Compile-Time Polymorphism in C++: Implementation with folly::poly and dyno

This article explores compile-time polymorphism in C++ and compares it with runtime reflection. It discusses how recent C++ compiler features enable mechanisms similar to Go interfaces and Rust traits, and introduces two open‑source implementations: dyno and folly::poly.

1. Runtime Polymorphism Review

The article begins by revisiting runtime polymorphism, highlighting its performance overhead due to virtual tables and pointer indirection, as well as its intrusive nature (requiring inheritance and heap allocation).

2. Introduction to dyno and folly::poly

Both libraries provide compile‑time polymorphism. dyno relies on boost::hana and other third‑party libraries, while folly::poly uses only standard C++17 features. The focus of the article is on folly::poly’s implementation.

3. Simple Example

A basic example of a classic runtime polymorphic hierarchy is shown:

struct Vehicle {
  virtual void accelerate() = 0;
  virtual ~Vehicle() {}
};

struct Car : public Vehicle {
  void accelerate() override;
};

struct Truck : public Vehicle {
  void accelerate() override;
};

The article then presents a compile‑time version using folly::poly.

4. folly::poly Example

#include <folly/Poly.h>

struct IVehicle {
  template <class Base>
  struct Interface : Base {
    void accelerate() const { folly::poly_call<0>(*this); }
  };
  template <class T>
  using Members = folly::PolyMembers<&T::accelerate>;
};

using vehicle = folly::Poly<IVehicle>;

struct Car {
  void accelerate() const { std::cout << "Car accelerate!" << std::endl; }
};

struct Trunk {
  void accelerate() const { std::cout << "Trunk accelerate!" << std::endl; }
};

void accel_func(vehicle const& v) { v.accelerate(); }

int main() {
  accel_func(Car{});
  accel_func(Trunk{});
  return 0;
}

This code demonstrates non‑intrusive polymorphism: concrete types need not inherit from a common base.

5. Implementation Details

The core of folly::poly consists of two policies:

Storage policy – decides whether an object can be stored in‑situ (small‑object optimization) or on the heap. The inSitu<U>() check ensures the object fits into a fixed-size buffer and is nothrow‑move‑constructible.

VTable policy – creates a compile‑time generated virtual table that erases member‑function types. The VTable is built using vtableFor<I, T>(), which returns a singleton instance via StaticConst.

Key structures include:

struct Data {
  union { void* pobj_ = nullptr; std::aligned_storage_t<sizeof(double[2])> buff_; };
};

template <class I, class T>
struct VTableFor : VTable<I> { constexpr VTableFor() noexcept : VTable<I>{Type<T>{}} {} };

The VTable stores function pointers generated by ThunkFn, which wrap member functions into a uniform signature like void(*)(const folly::detail::Data&). This eliminates the need for runtime type information while keeping call overhead minimal.

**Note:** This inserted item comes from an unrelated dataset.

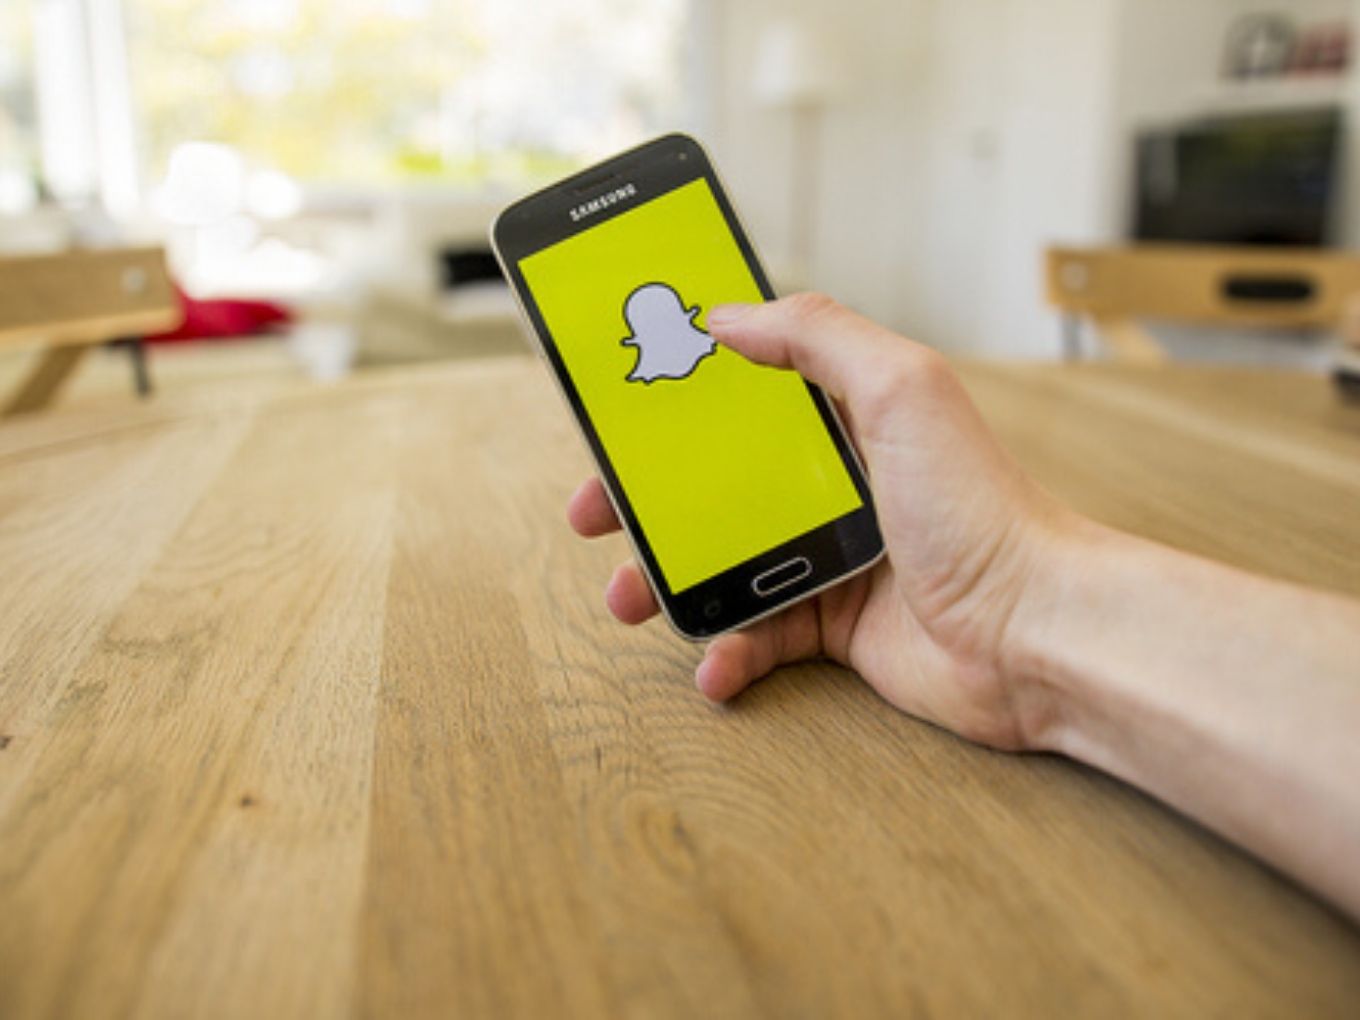 With Burgeoning Demand, Snapchat’s CEO Bets Big on India

6. Performance Considerations

Assembly generated for accel_func(Car{}) shows that after inlining, the call is comparable to a virtual dispatch, with the overhead of loading the function pointer from the VTable.

7. Summary

folly::poly achieves non‑intrusive, compile‑time polymorphism by combining small‑object optimization, compile‑time VTable generation, and type‑erased function wrappers. It offers performance close to virtual dispatch without the drawbacks of runtime inheritance.

The article concludes with suggestions for future work, such as leveraging upcoming C++ reflection features or code generation to further simplify interface definitions.